I'd like to zip numpy arrays befor saving it via np.save
. For zipping one dimensional arrays I use
import numpy as np
a = np.ones(4) * 5.
b = np.ones(4) * 4.
data = np.array(zip(a, b))
which does exactly what I want. Now I have more data, say like
c = numpy.ones((2, 4))
but
data = np.array(zip(a, b, c))
does not work. I could do
data = np.array(zip(a, b, c[0], c[1]))
instead, but the "depth" of c
changes. My solution is
data = np.insert(c, 0, b, axis=0)
data = np.insert(data, 0, a, axis=0)
data = zip(*data)
but that reads kind of suboptimal. Thanks for an advice.
I would use numpy.hstack/vstack:
a = np.ones(4) * 5
b = np.ones(4) * 4
c = np.ones((2, 4))
data = np.vstack([a,b,c]).T
Edit: I actually mostly use np.row_stack/column_stack nowadays, as I find it more natural than hstack or vstack:
data = np.column_stack([a,b,c.T])
Use the *
opertor to "unpack" c
when calling zip
:
data = np.array(zip(a, b, *c))
data.shape
=> (4, 4)
(You can avoid zip
and use a direct numpy approach (eg using vstack
, as @metaperture suggested), which is arguably a better approach. However, this answer demostrates the correct way to do exactly what you were trying to do originally)

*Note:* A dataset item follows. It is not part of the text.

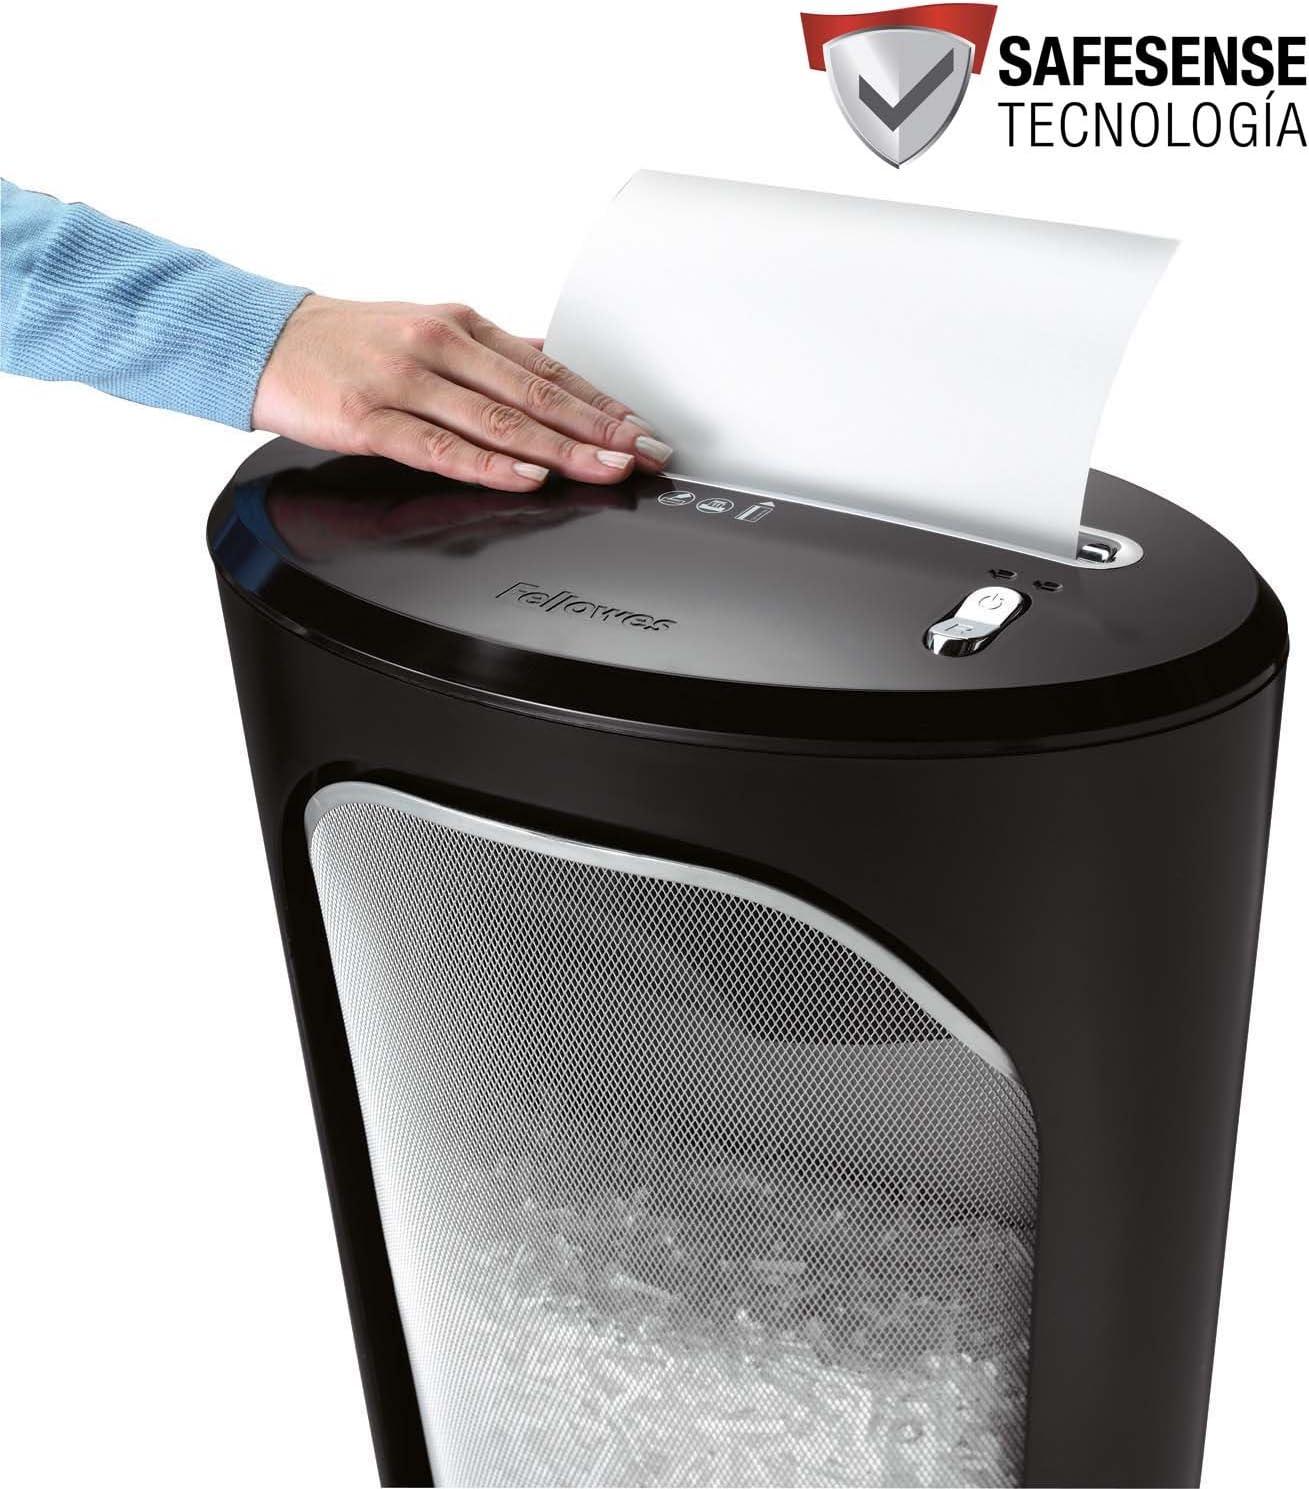 Fellowes DS-1 - Destructora trituradora de papel, corte en partículas, 11 hojas, color negro y plateado: Amazon.es: Oficina y papelería

I would not recommend using zip
if your only objective is to save multiple arrays of different dimensions, as the title of this question suggests. Use np.savez
or np.savez_compressed
instead. These functions were meant to save multiple arrays (of arbitrary dimensions).
Using zip
is particularly bad as it won't port to Python3 , where zip
returns an iterator and not a list of tuples. Calling np.array
on the iterator creates an array with a single element of dtype object
, which is probably not what you want. I was not able to recover the zipped data after a save and a load.